We'll think about it.

4671

Yes, we have implemented that as part of a subsequent change, specifically, when promotion from 16 4KB pages to a 64KB page is added. As part of this change, it wouldn't have much effect.

5685

No, it can't. That's why we used L3C_OFFSET (65535) here, and not L3C_SIZE.

5731

This case is different from the one below. Here, we know that the decrement won't reduce the PTP's ref count to 0.

6261

Maybe, depending on whether there are concurrency related issues. If we only consider a single thread using and tearing down the address space, I think that the answer is "no".

7784

I'm adding the (void) casts.

alc marked 6 inline comments as done.

Add (void) casts. Refill a comment whose lines were too long.

This revision now requires review to proceed.Mar 12 2024, 7:07 PM

Teach sysctl vm.pmap.kernel_maps to correctly count ATTR_CONTIGUOUS superpages when the base page size is 16KB.

sys/arm64/include/vmparam.h
109

Shouldn't this be 12? If an allocation of 32MB is permitted, then the maximum allocation order is 11, so there are 12 possible allocation orders.

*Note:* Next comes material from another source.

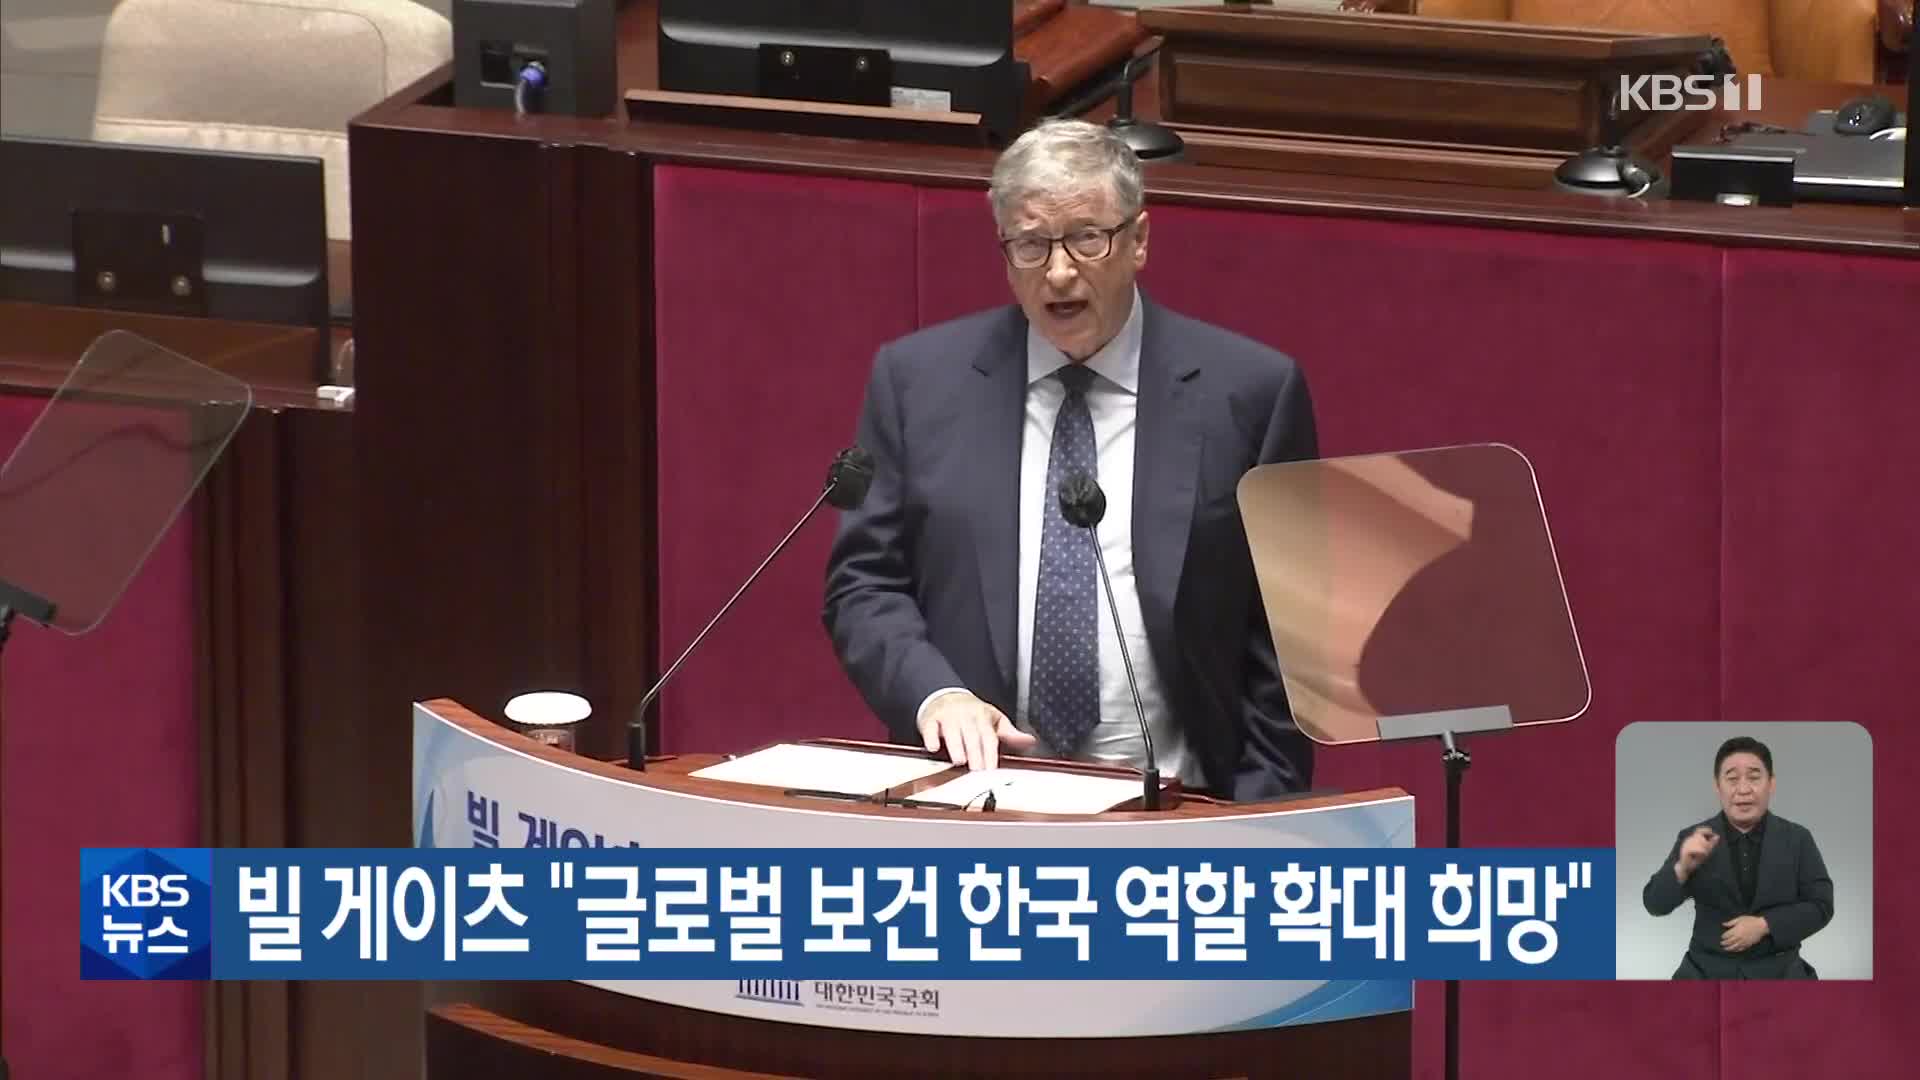 빌 게이츠 “글로벌 보건 한국 역할 확대 희망”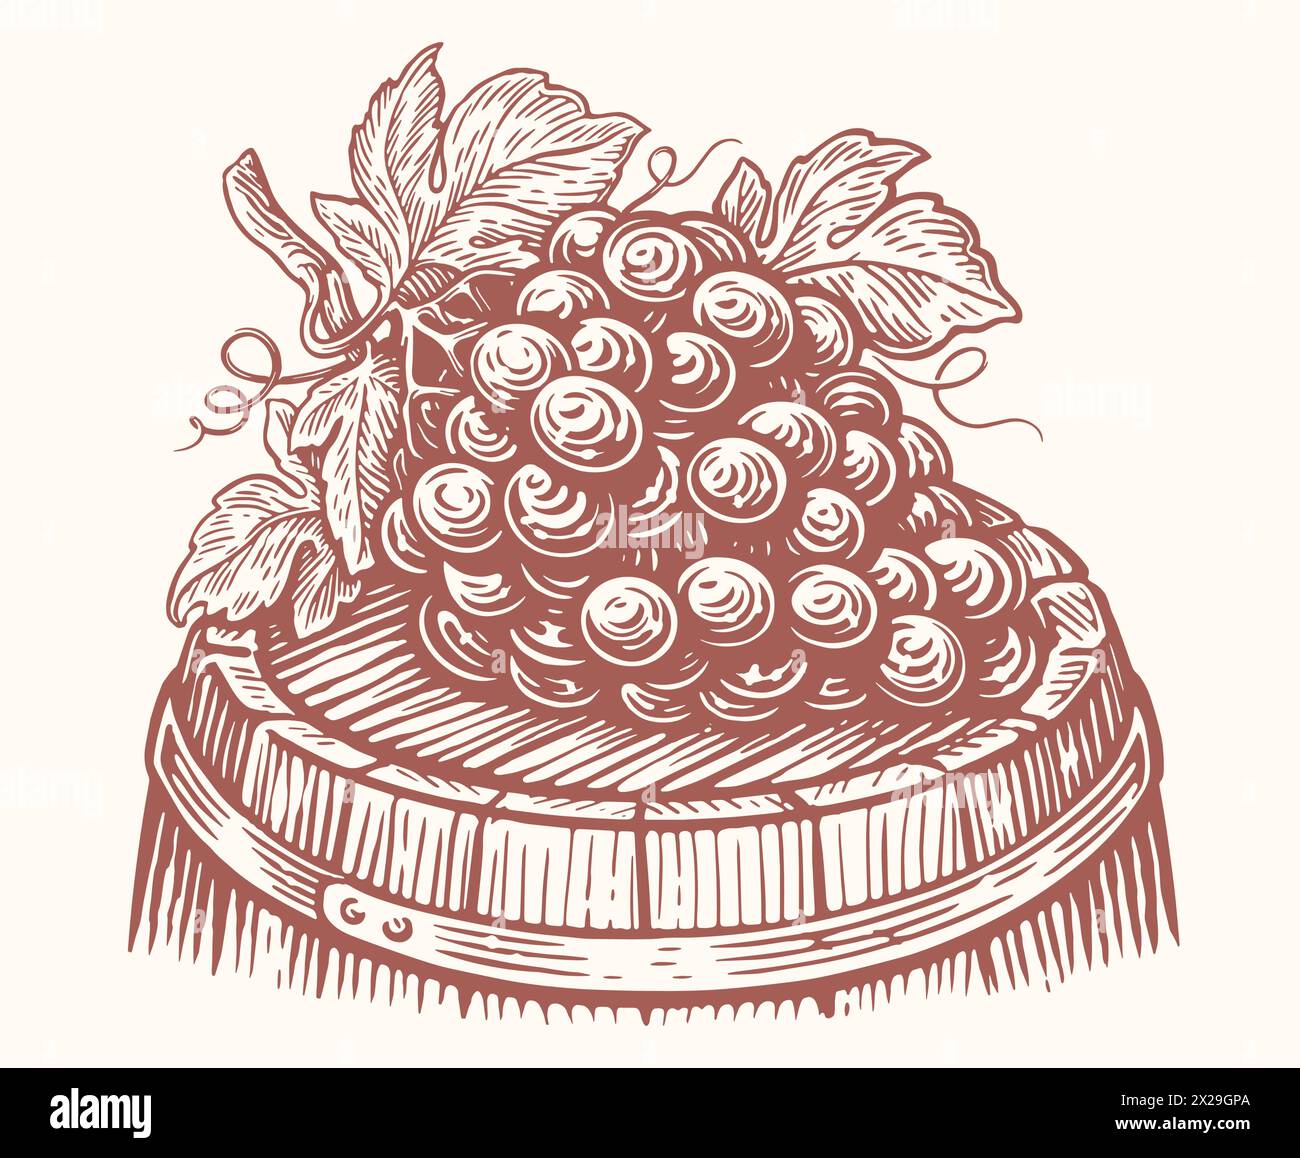 Ein Haufen reifer Trauben liegt auf Holzfässern mit Wein. Weinberg, Weingut Skizze Vektor Illustration Stock Vektor

alc marked an inline comment as done.Mar 18 2024, 4:58 PM
alc added a subscriber: gallatin.
alc added inline comments.
sys/arm64/include/vmparam.h
109

Yes, you are correct. The email from @gallatin confirms it.

alc marked an inline comment as done.

Correct VM_NFREEORDER for 16KB page size.

Request aligned virtual addresses in pmap_mapdev{,_attr}().

This revision was not accepted when it landed; it landed in state Needs Review.Mar 24 2024, 5:48 PM
This revision was automatically updated to reflect the committed changes.
alc updated this revision to Diff 136172.

Reopen after reservation size fix was committed.

This revision was not accepted when it landed; it landed in state Needs Review.Mar 30 2024, 6:47 PM
This revision was automatically updated to reflect the committed changes.